Unknown to most, the benefits of telehealth and digital pathology have been around for decades as remote collaboration becomes more common. Despite slow adoption in many countries, digital Whole Slide Images (WSIs) are replacing the glass slide in light of their ease for online sharing and remote analysis. Implementing WSIs into telemedicine and digital pathology enable pathologists to collaborate on projects worldwide, gathering second opinions and validations with ease. These digital versions of slides also open possibilities for AI to be incorporated. AI is particularly applicable in pathology sample analysis, which depends largely on pattern recognition.

Aided by AI-based image analysis software, it is possible to assist healthcare in developing countries. AI models achieve faster and more accurate diagnoses than pathologists due to decreased observer biases and errors. Through simple annotation to train the AI Model, they are able to identify, quantify, and measure features faster and more accurately than human-based microscopy.

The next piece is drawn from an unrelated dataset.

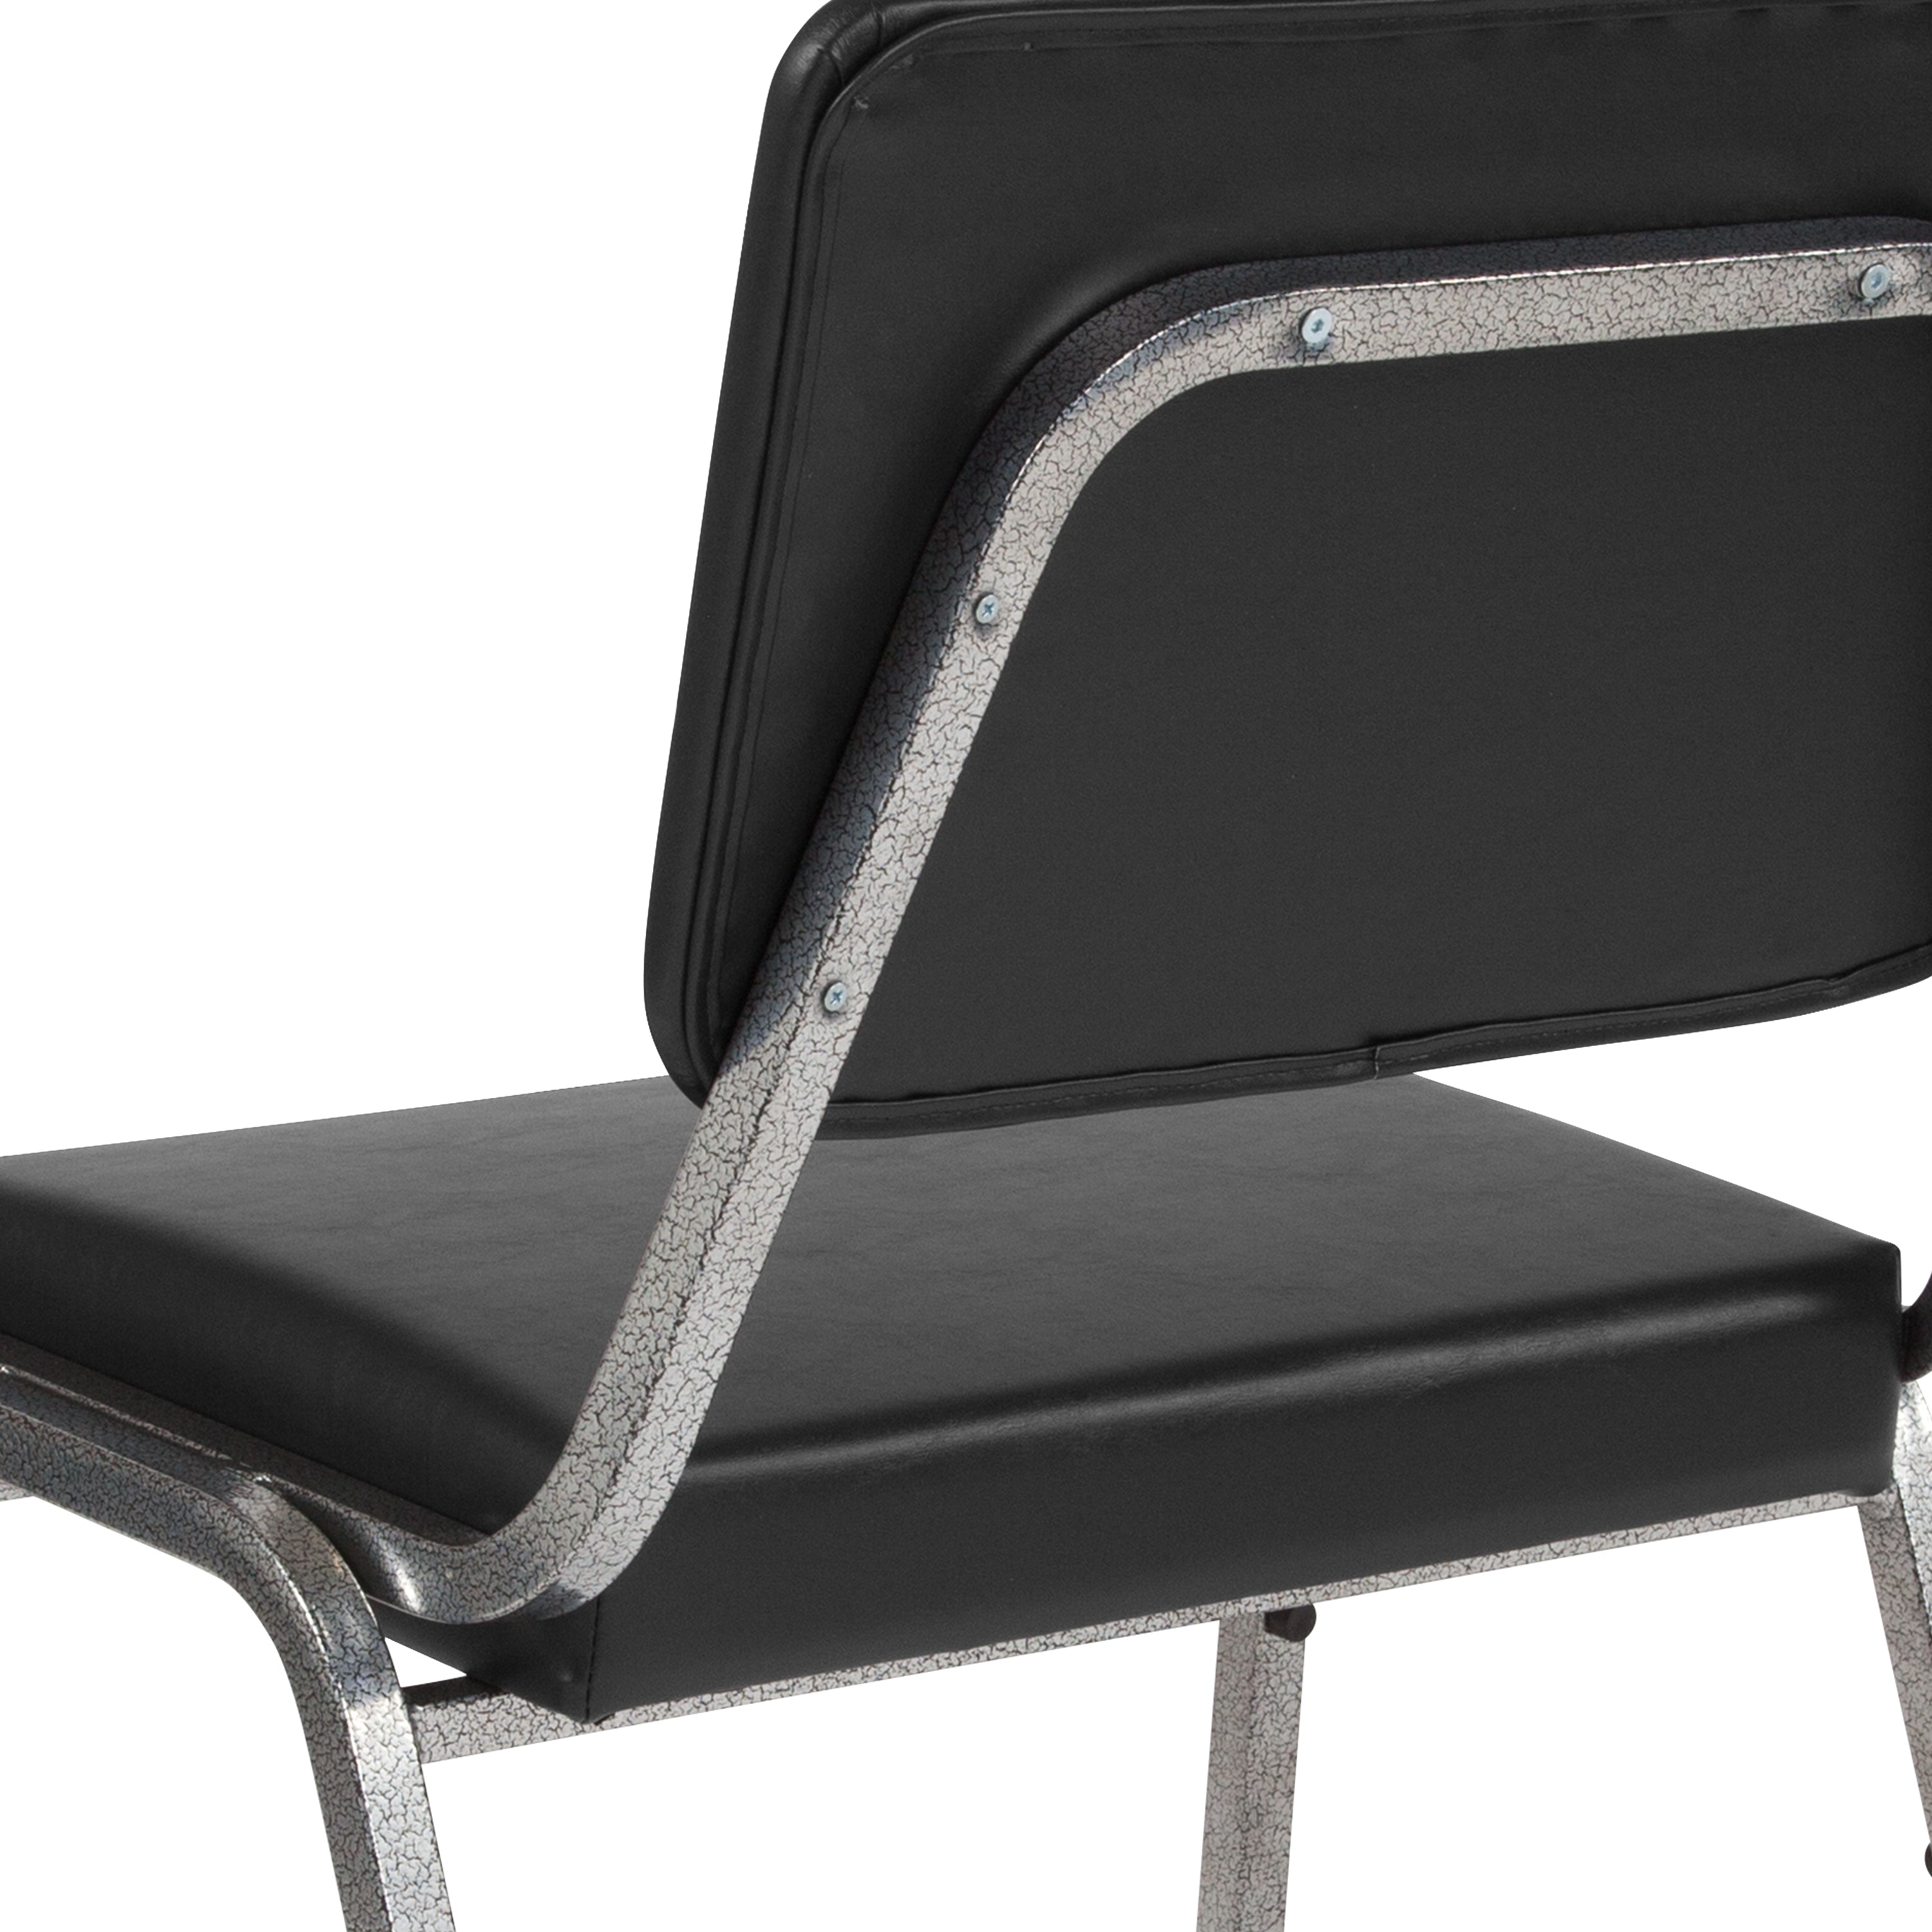 HERCULES Series 1000 lb. Rated Antimicrobial Bariatric medical Reception Chair with 3/4 Panel Back-Bariatric Antimicrobial Stack Chair-Flash Furniture-Wall2Wall Furnishings

This reduces turnaround time, improves diagnostic performance, and provides consistent and accurate care to patients in a timely manner. While delegating the time-consuming aspect of sample analysis to a computer, pathologists can optimize their work and spend more time verifying abnormal results and treating patients. In countries such as Kenya, which holds one pathologist for every million people, this is lifesaving.

AI speeds up cervical cancer screenings

Cervical cancer is a major cause of death for women worldwide despite its high preventability with early detection. An estimated 65% of Kenyan women diagnosed with cervical cancer in 2006 died (6). Pap smears, a method of cervical screening for cancerous cells, significantly decreases the risk of developing further disease but limited resources means there is a severe lack of regular screenings in Kenya.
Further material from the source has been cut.